Studies of multiple Arabidopsis CRWN genes also unveiled their functional redundancy in suppressing autoimmunity. RNA sequencing (RNA-seq) experiments of several crwn single and double mutants indicated that the gene expression profile of these mutants was concomitant with the activation of pathways related to plant–pathogen interactions, for example, in the activation of PR1 (PATHOGENESIS-RELATED1) and PR2 and PR5 expression (Guo et al., 2017; Choi et al., 2019). With ectopically activated biotic stress response pathways, crwn1 crwn2 and crwn1 crwn4 double mutants showed greater resistance to infection with virulent bacterial pathogens (Guo et al., 2017; Choi et al., 2019).
The liverwort Marchantia polymorpha is a dioecious non-vascular plant with a mostly haploid life cycle and a highly streamlined genome: small size (ca. 280 Mbp) with low genetic redundancy (Tanurdzic and Banks, 2004). Early phylogenetic analysis indicates that the Marchantia genome possesses only one NMCP homolog (hereafter referred to as “MpNMCP”) (Ciska et al., 2019). It is not known if this sole NMCP gene in Marchantia shares conserved functions as those discovered in higher plants. In this study, we report that MpNMCP is a lamina-like nuclear periphery protein. We found that while the growth of Mpnmcp mutants was suppressed, loss of NMCP did not block vegetative growth of Marchantia, and Mpnmcp mutant nuclei did not show altered nuclear size or shape. We also found that a heterochromatic region from the Marchantia male sex chromosome displayed preferential perinuclear localization, but it detached from the NL in Mpnmcp nuclei and decondensed. However, MpNMCP proteins did not show direct interactions with chromatin at the nuclear periphery. Nevertheless, transcriptome experiments indicated that MpNMCP was involved in suppressing ectopic stress responses. Overall, the Marchantia NMCP has remarkable differences in functional conservation compared with NMCPs in higher vascular plants, except the sphere of plant stress responses, where it retains a similar function.
Results
MpNMCP Promotes Basic Growth of Marchantia
The Marchantia genome assembly has been recently upgraded from a scaffold (v3.1) to chromosomal scale version (v5.1) containing slightly more annotated genes (Montgomery et al., 2020).
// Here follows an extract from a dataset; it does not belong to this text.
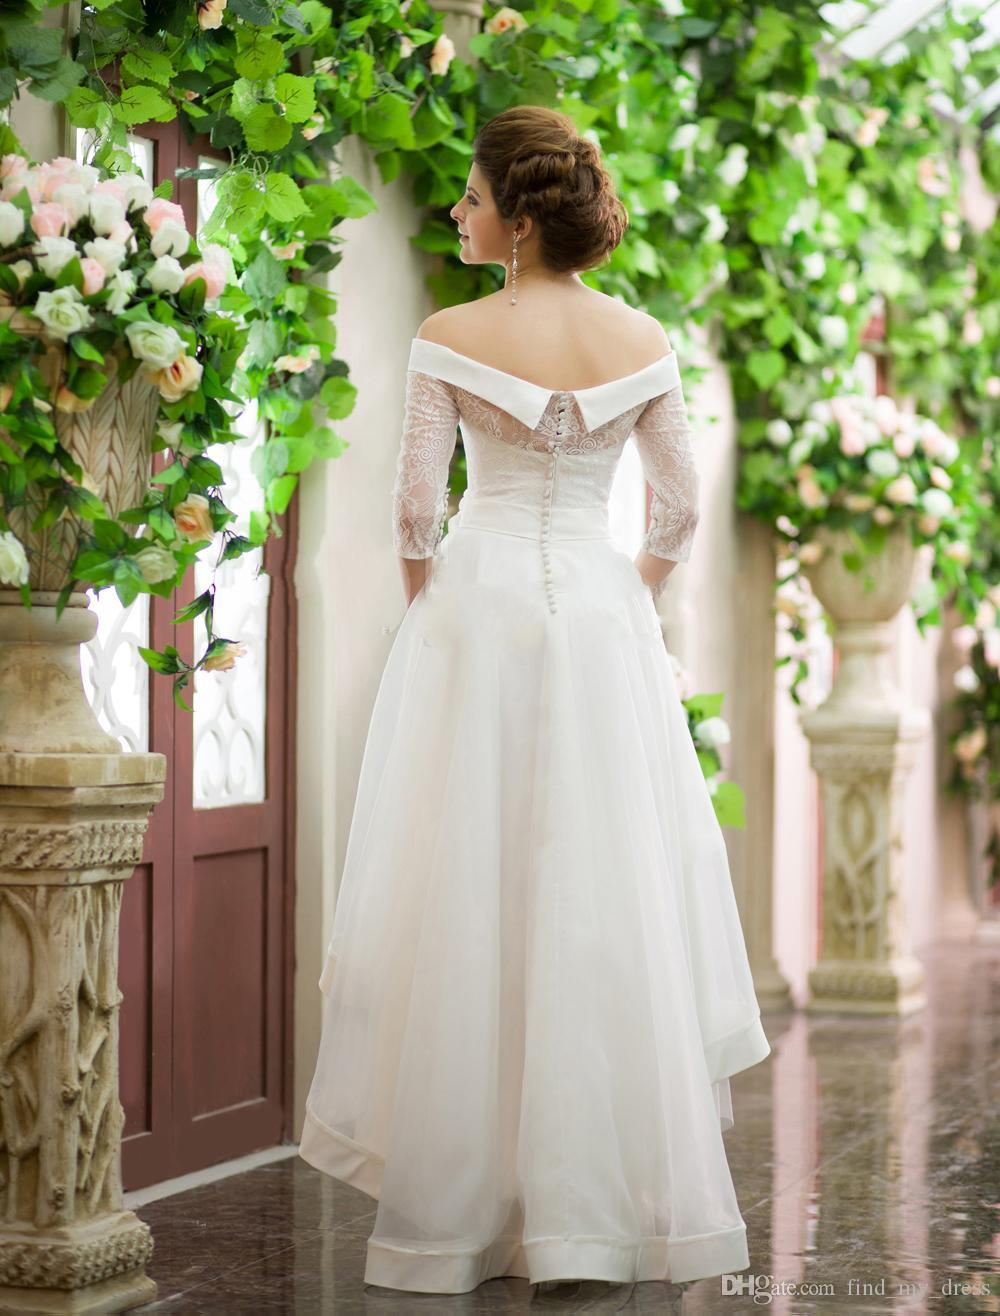 Estilo vintage Vestidos de novia altos y bajos Fuera del hombro Media manga Cinturón de flores Encaje Organza Corto Frong Largo Volver Vestidos de novia personalizados W686

Thus, we performed a homology search to check if there were additional Marchantia NMCP homologs missed in the earlier phylogenetic analyses using the older genome assembly. The protein sequences of Arabidopsis CRWN1 and another two NMCPs from Physcomitrella patens were used to search for Marchantia NMCP homologs with Basic Local Alignment Search Tool for protein sequences (BLASTp). For each of the inquiry sequences, only one hit was found, confirming that the Marchantia genome encodes only one putative NMCP (Supplementary Figure 1; Ciska et al., 2019).
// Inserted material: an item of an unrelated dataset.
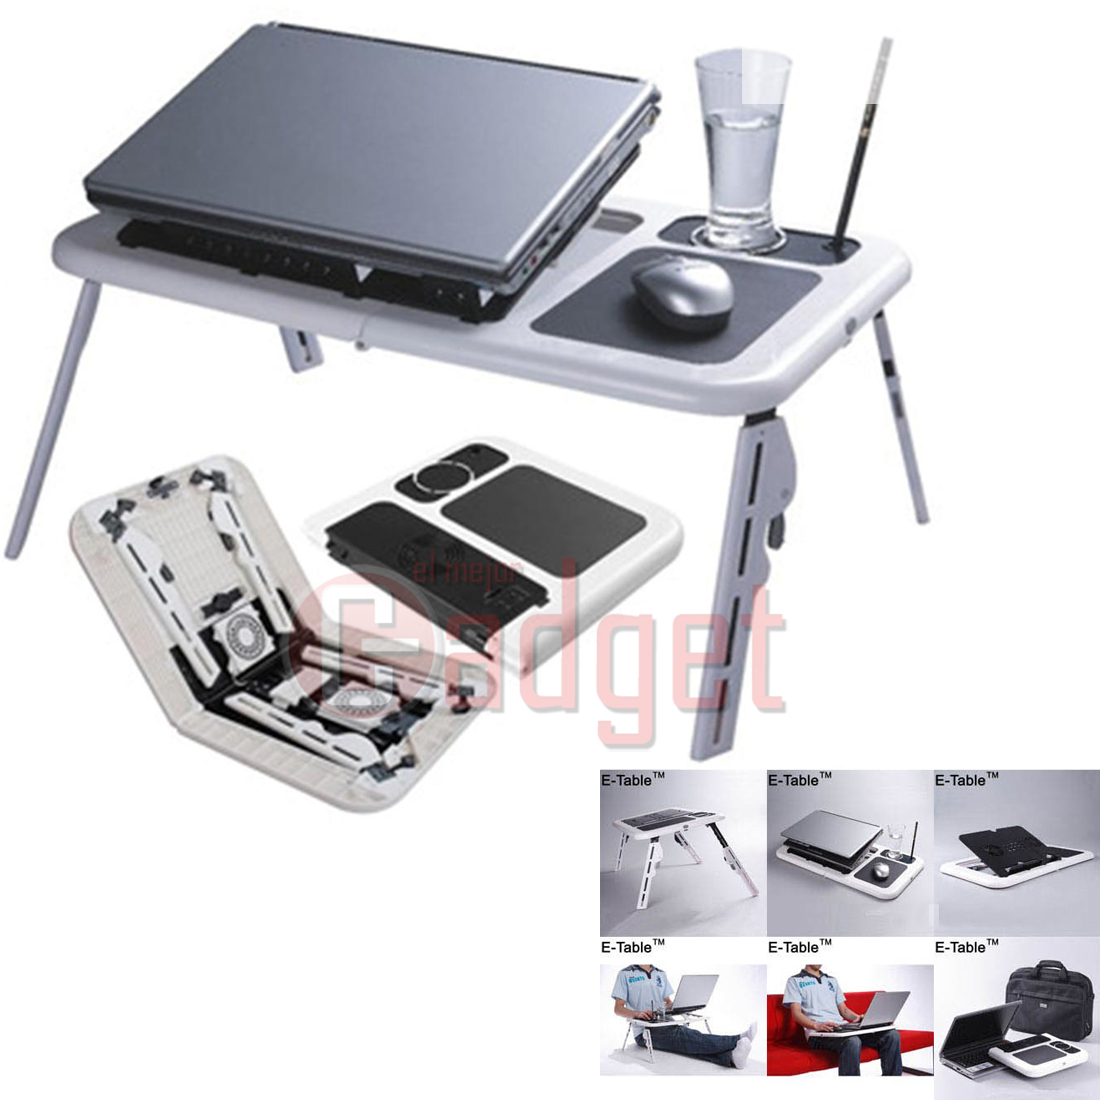 E table mesa soporte refrigeraci n para ordenador port til netbook de cama sof ebay - Soporte portatil sofa ...

Next, to clarify the function of MpNMCP, we generated Mpnmcp mutants using the CRISPR/Cas9 system, by which two guide RNAs were designed to delete most of MpNMCP’s coding region (Figure 1A). All T1 mutant lines carrying a deletion allele displayed severely delayed thallus growth; among them, we chose two lines in the Takaragaike-1 (Tak-1) background, namely, Mpnmcp-1 and Mpnmcp-2, for further phenotype characterization. Sequencing of these mutants revealed that both of them had a ∼3-kb deletion between the two single-guide RNAs (sgRNAs) (Figures 1A,B). Under a standard greenhouse condition, Mpnmcp mutant thalli showed dwarf phenotypes and curly branches as compared with the WT Tak-1 plants (Figure 1D). Asexual reproduction of Mpnmcp mutants was largely unaffected: they could produce gemma cups similarly to WT Tak-1 thalli (Figure 1E). Smaller gemmae, however, were found within these gemmae cups (Figure 1F).
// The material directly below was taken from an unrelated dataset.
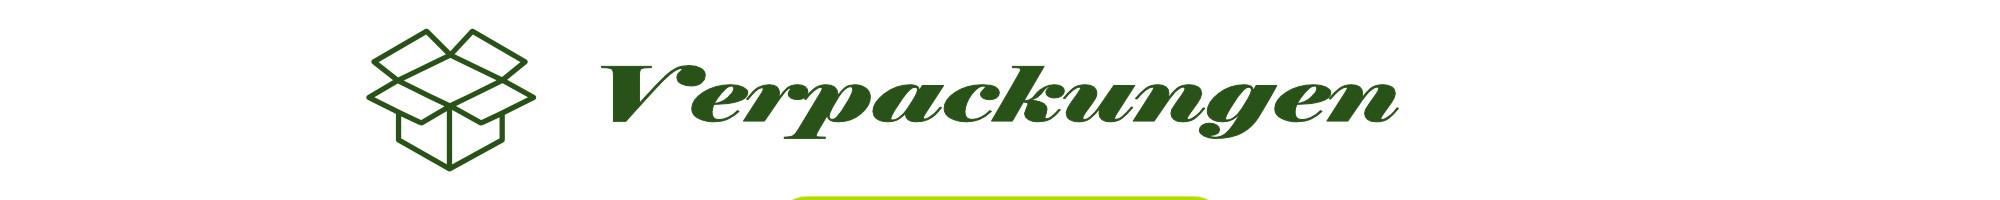 Ningal.de - Nachhaltige und sichere Verpackungen

Figure 1. Mpnmcp mutants show dwarf phenotype. (A) Schematic depiction of the MpNMCP locus and single-guide RNAs (sgRNAs) aiming for site-directed mutagenesis (top). Representative sequencing tracks of using Olig1 (Supplementary Table 2) showing the deletion of a ∼3-kb region flanked by the two sgRNAs (middle and bottom). (B) Genotyping PCR results of individual T3 Mpnmcp mutants. Genotyping was carried out by using genotype specific primers: Olig1 (forward primer) and Olig2 (reverse primer) (primer sequences are given in Supplementary Table 2). (C) Schematic depiction of the MpNMCP CDS with MpNMCP promoter (2-kb upstream of the gene model). HA, hemagglutinin tag. muta-sgRNA1 and muta-sgRNA2 indicate the two regions to which silent mutations are introduced to avoid recognition by the sgRNAs used for site-directed mutagenesis of the endogenous MpNMCP locus. (D) Phenotype of 3-week-old wild-type (WT) Tak-1, Mpnmcp mutants, and two independent MpNMCP Pro:MpNMCP-2HA/Mpnmcp transgenic lines. The MpNMCP Pro:MpNMCP-2HA in the Mpnmcp mutant displayed normal development. (E) Close-up of one gemma cup from 20-day-old WT Tak-1 or Mpnmcp mutants, which have mature gemmae inside. (F) Boxplot shows the size of gemmae collected from gemma cups of Mpnmcp mutants and Tak-1 plants. n = 28. p values were determined by Mann–Whitney U test. (G) Glucuronidase (GUS) staining of MpNMCP Pro:GUS plants. Pictures show the representative distribution pattern of GUS staining in 2-week-old thallus (top panel, scale bar = 5 mm) and gemmae (bottom panel, scale bar = 0.25 mm).
To confirm that the mentioned Mpnmcp phenotypes were causal to the lack of functional MpNMCP, we generated complementation lines by double transformation, in which the WT MpNMCP coding sequence fused with a tandem hemagglutinin (HA) tag driven by the native MpNMCP promoter and introduced it into null Mpnmcp mutant background (Figure 1C). The growth defects exhibited by the Mpnmcp mutants were largely rescued in the complementation lines (Figure 1D and Supplementary Figure 10). Altogether, phenotypic characterization of Mpnmcp mutants revealed that the absence of MpNMCP leads to general growth repression.
To characterize MpNMCP spatial–temporal expression patterns in greater detail, we generated reporter lines in which the same MpNMCP promoter region (Figure 1C) was placed in front of the beta-glucuronidase (GUS) reporter coding sequence. We analyzed GUS staining patterns in more than 30 independent transgenic MpNMCP Pro:GUS lines, all of which showed GUS activity throughout thalli except for older parts at thallus margins (Figure 1G). In gemmae, the GUS staining was visible across the entire sample (Figure 1G).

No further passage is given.